Lemma. If $a\mid 2^a+1$ and $b\mid 2^b+1$ , where $a=3^\alpha a'$ , $b=3^\beta b'$ , $3 \nmid a', b'$ and $a'$ and $b'$ are coprime, then $ab\mid 2^{ab}+1$ .
Proof. Obviously, $a$ and $b$ are odd.
$2^{ab}\equiv (-1)^b\equiv -1 \pmod{a}$ $2^{ab}\equiv (-1)^a\equiv -1 \pmod{b}$ By LTE, $v_3(2^{ab}+1)=v_3(ab)+1=\alpha + \beta + 1$ . Finally, as $a', b', 3^{\alpha+\beta}\mid 2^{ab}+1$ and all three numbers are pairwise coprime, $ab=a'b'3^{\alpha+\beta}\mid 2^{ab}+1$ . $\square$

We construct a sequence of primes $p_2, p_3, \dots, p_{2000}$ in the following manner. Let $p_2=19$ (so that $p_2\mid 2^{3^2}+1$ ). Inductively assume we have constructed $p_2, p_3, \dots, p_{i}$ , for some $i\ge 2$ , such that:
$\bullet$ all $p_j$ with $2\le j\le i$ are distinct,
$\bullet$ $p_j>3$ and $p_j\mid2^{3^{i}}+1$ for each $2\le j\le i$ .

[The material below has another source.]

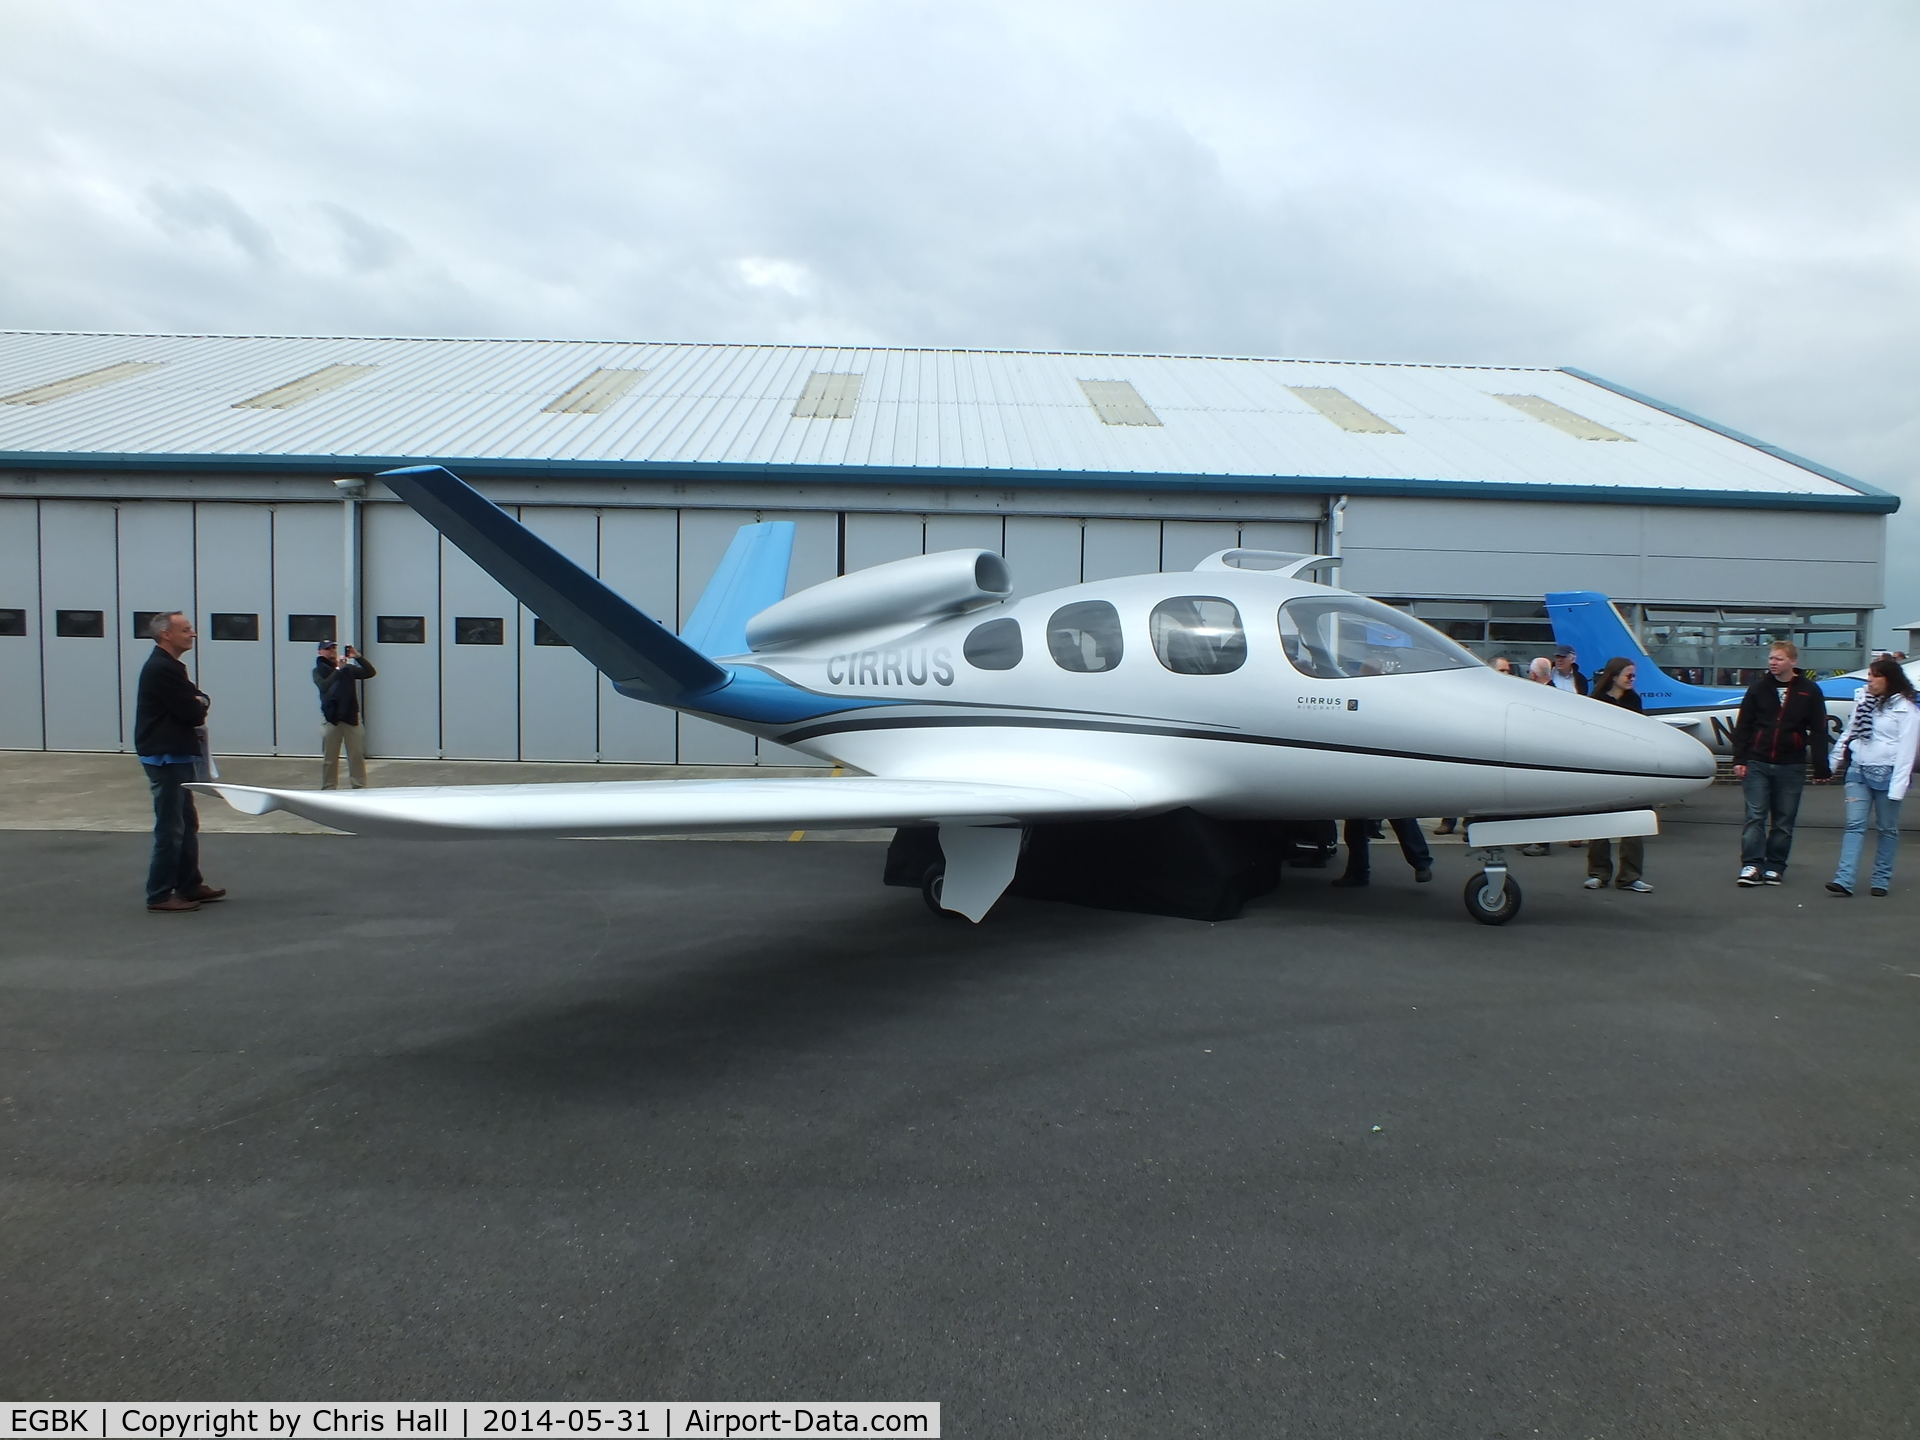 Sywell Aerodrome Airport, Northampton, England United Kingdom (EGBK) - Cirrus Vision SF50 mock up displayed at AeroExpo 2014

As $2^{3^{i+1}}+1=(2^{3^i}+1)(4^{3^i}-2^{3^i}+1)$ and the greatest common divisor of the terms in the parenthesis is $3$ , we conclude that $4^{3^i}-2^{3^i}+1$ has all its prime divisors distinct from $p_j$ for $2\le j\le i$ . As $9\mid 2^{3^i}+1$ and $4^{3^i}-2^{3^i}+1>3$ , it has a prime factor $p_{i+1}>3$ , so the inductive claim holds for $i+1$ as well.

Having constructed $p_2, p_3, \dots, p_{2000}$ , let $n_i=3^i p_i$ for each $2\le i\le 2000$ . By LTE, $v_3(2^{n_i}+1)=i+1$ . By Fermat's Little Theorem, $2^{n_i}\equiv 2^{3^i p_i}\equiv 2^{3^i}\equiv -1\pmod{p_i}$ . Therefore, $n_i = 3^i p_i\mid 2^{n_i} + 1$ for each $i$ . Let $n=n_2n_3\dots n_{2000}$ . By repeated application of the lemma, $n\mid 2^n + 1$ , and by construction, $n$ has $2000$ distinct prime divisors.